What is being asked: Write down exactly the lines from the one below that has "Closeup ritratto di" to the end of the data, both ends included; the pictures should not appear in your copy.

Source material:
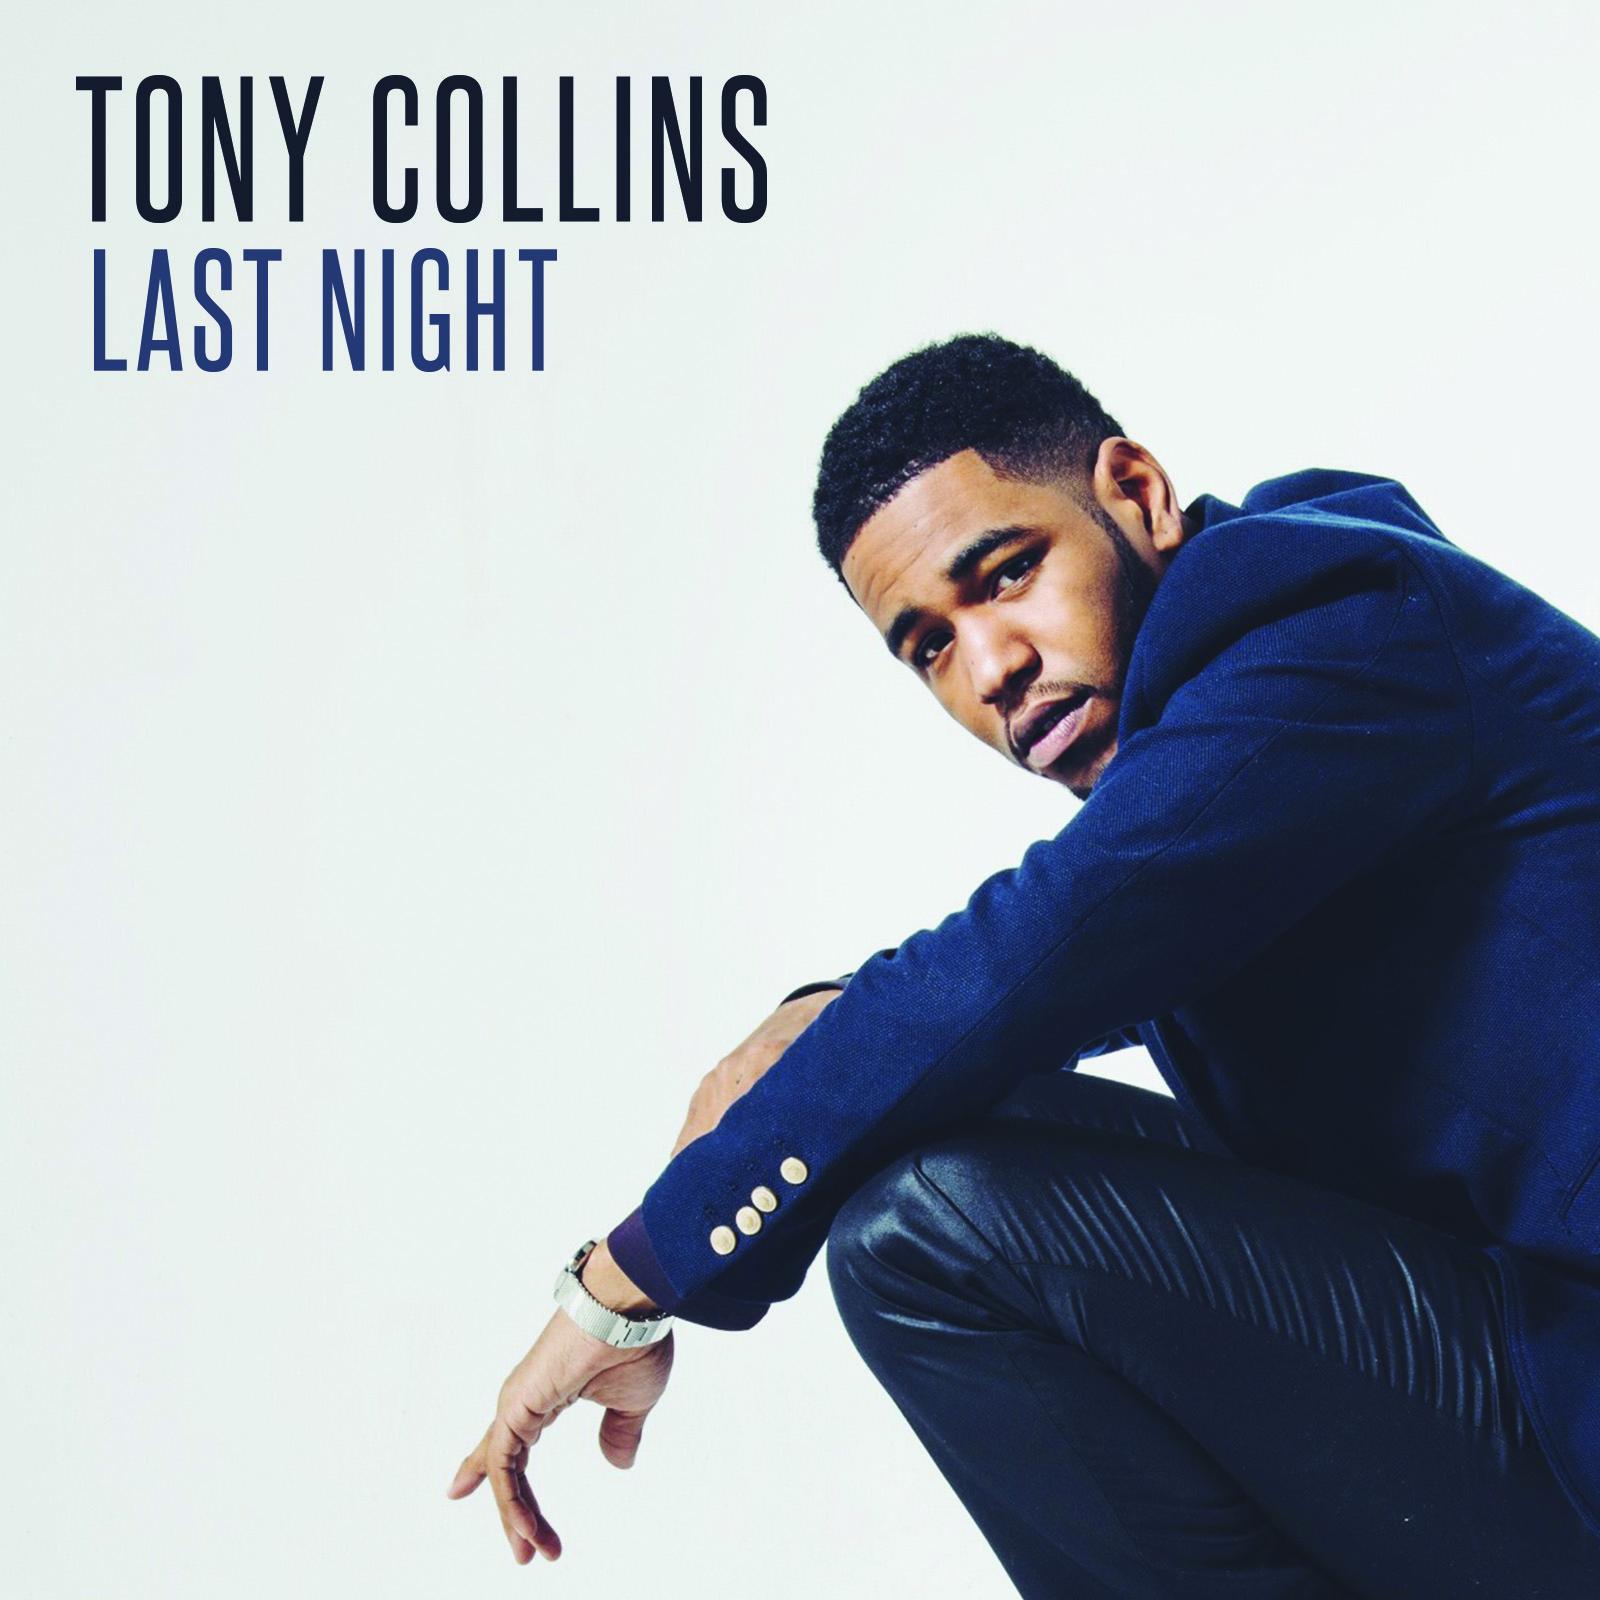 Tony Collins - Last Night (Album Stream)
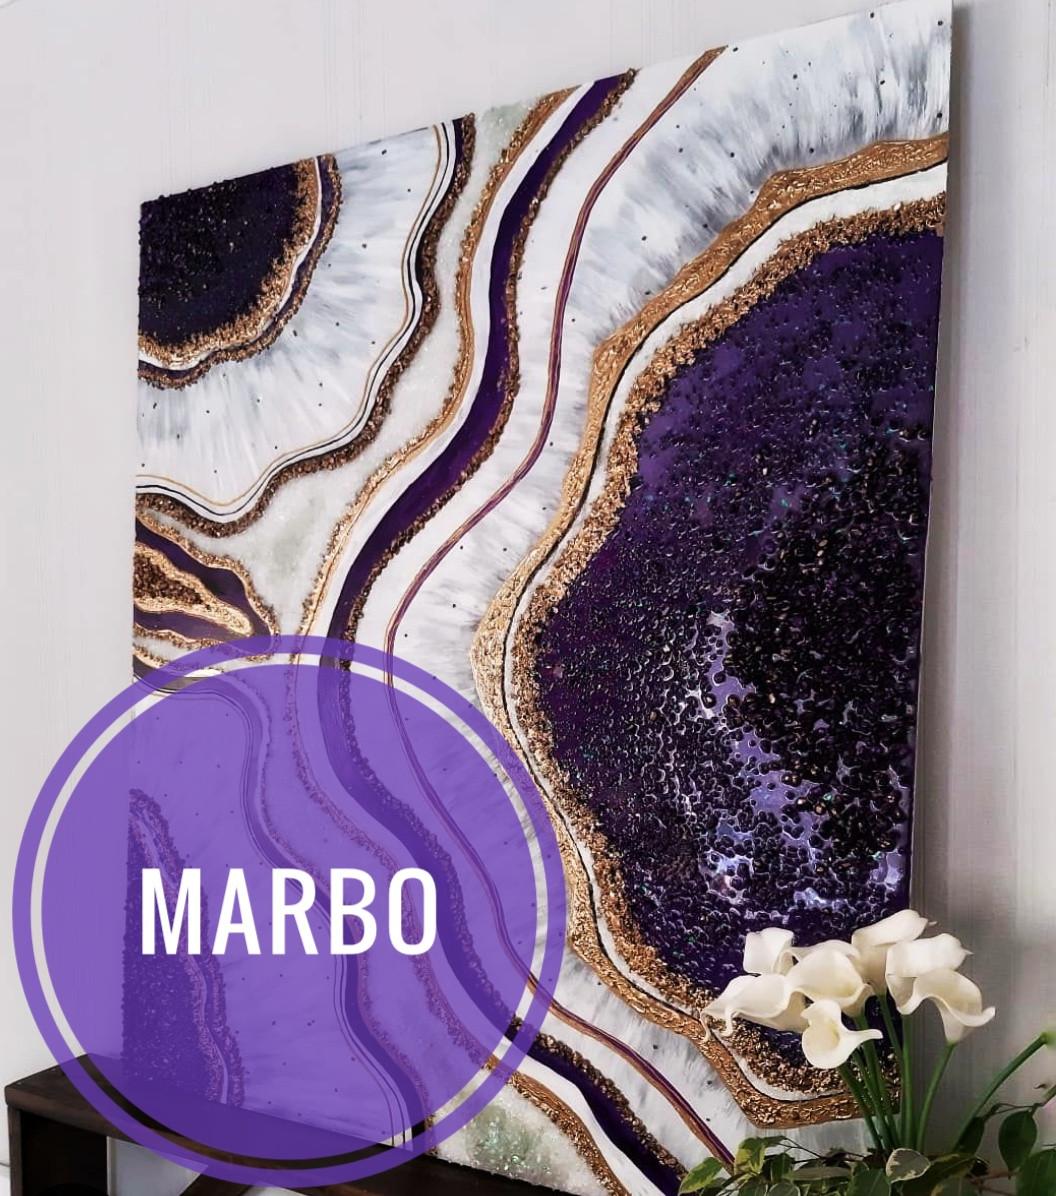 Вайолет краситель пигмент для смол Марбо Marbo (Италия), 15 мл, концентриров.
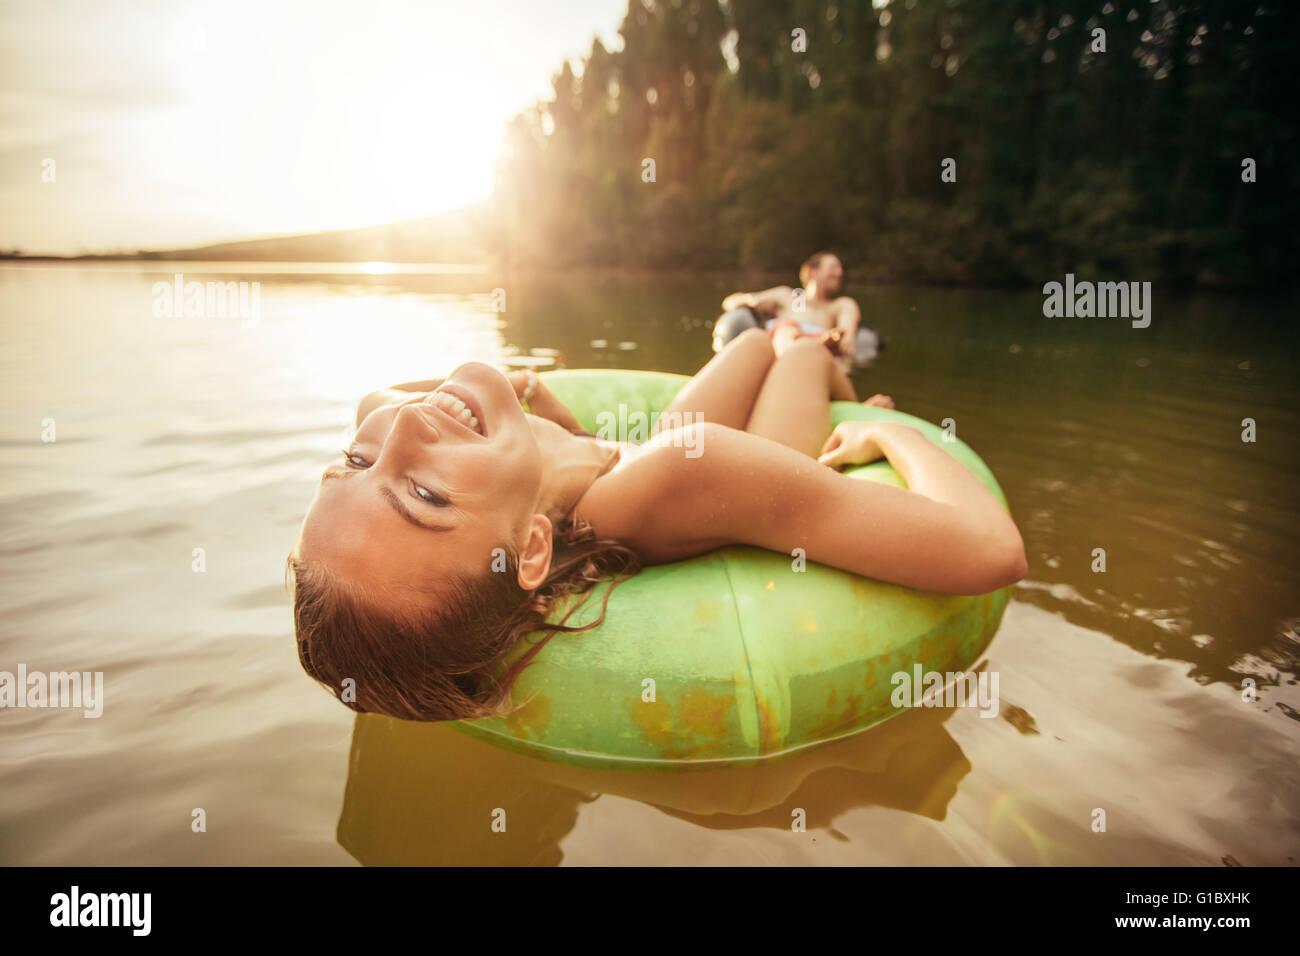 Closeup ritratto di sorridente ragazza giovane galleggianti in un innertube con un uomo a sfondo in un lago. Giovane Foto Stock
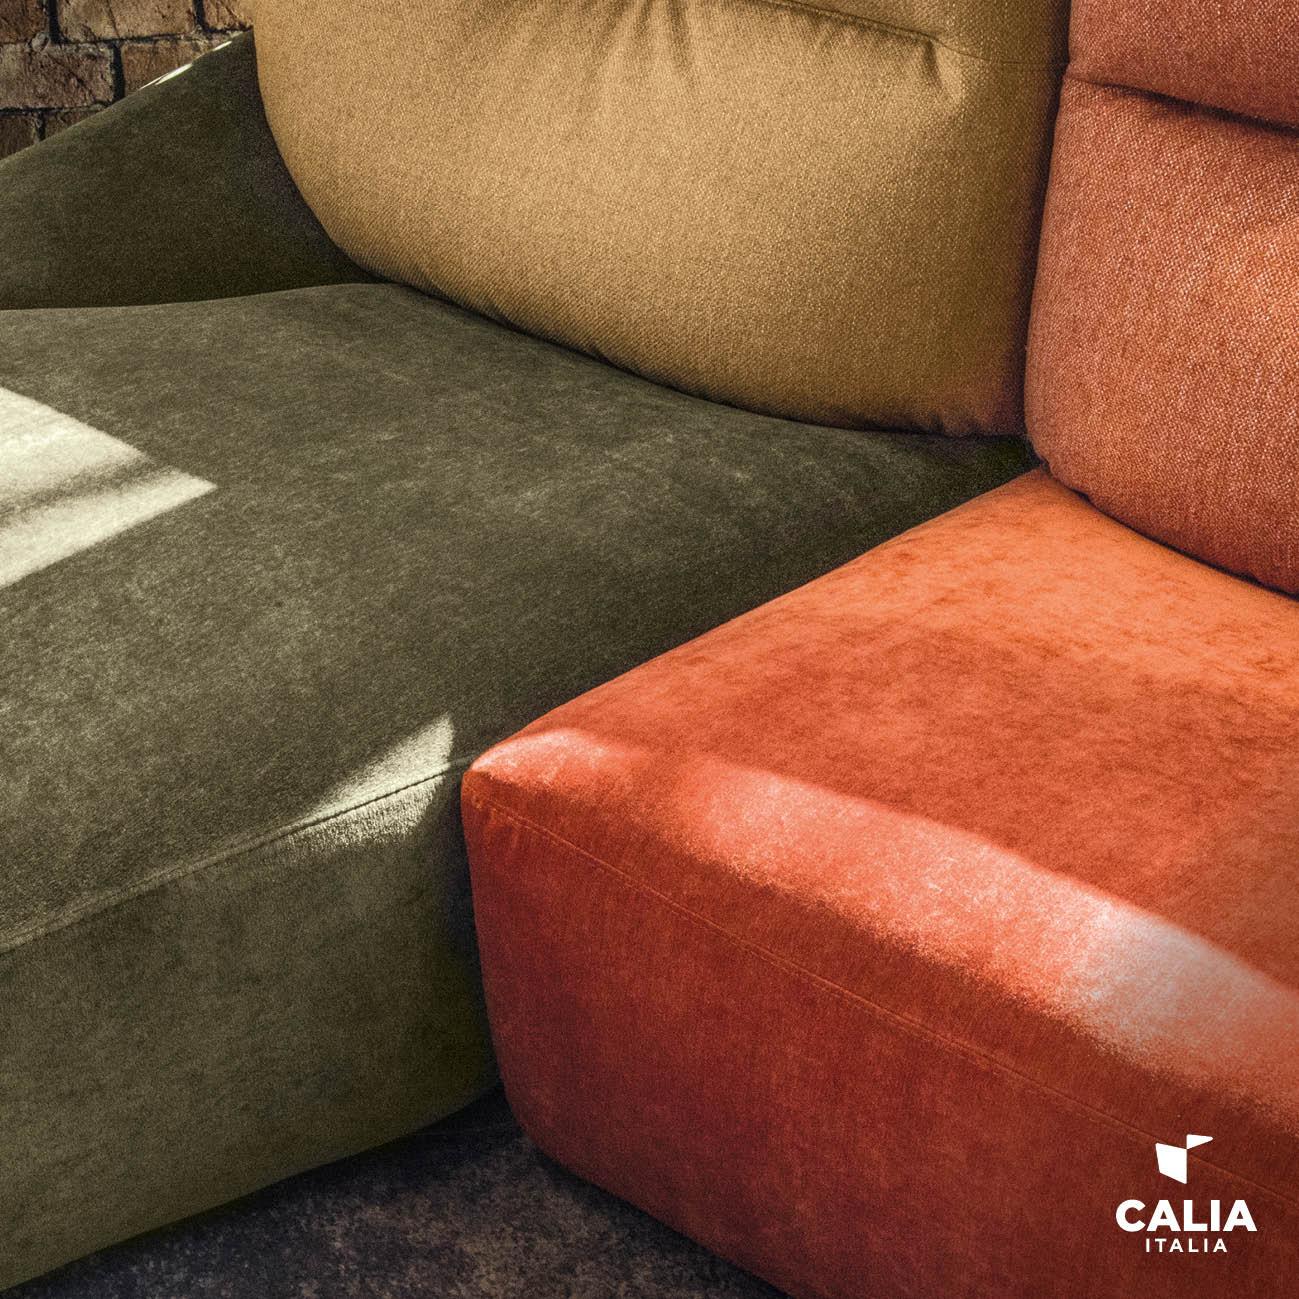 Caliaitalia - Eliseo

Output:
 Closeup ritratto di sorridente ragazza giovane galleggianti in un innertube con un uomo a sfondo in un lago. Giovane Foto Stock
 Caliaitalia - Eliseo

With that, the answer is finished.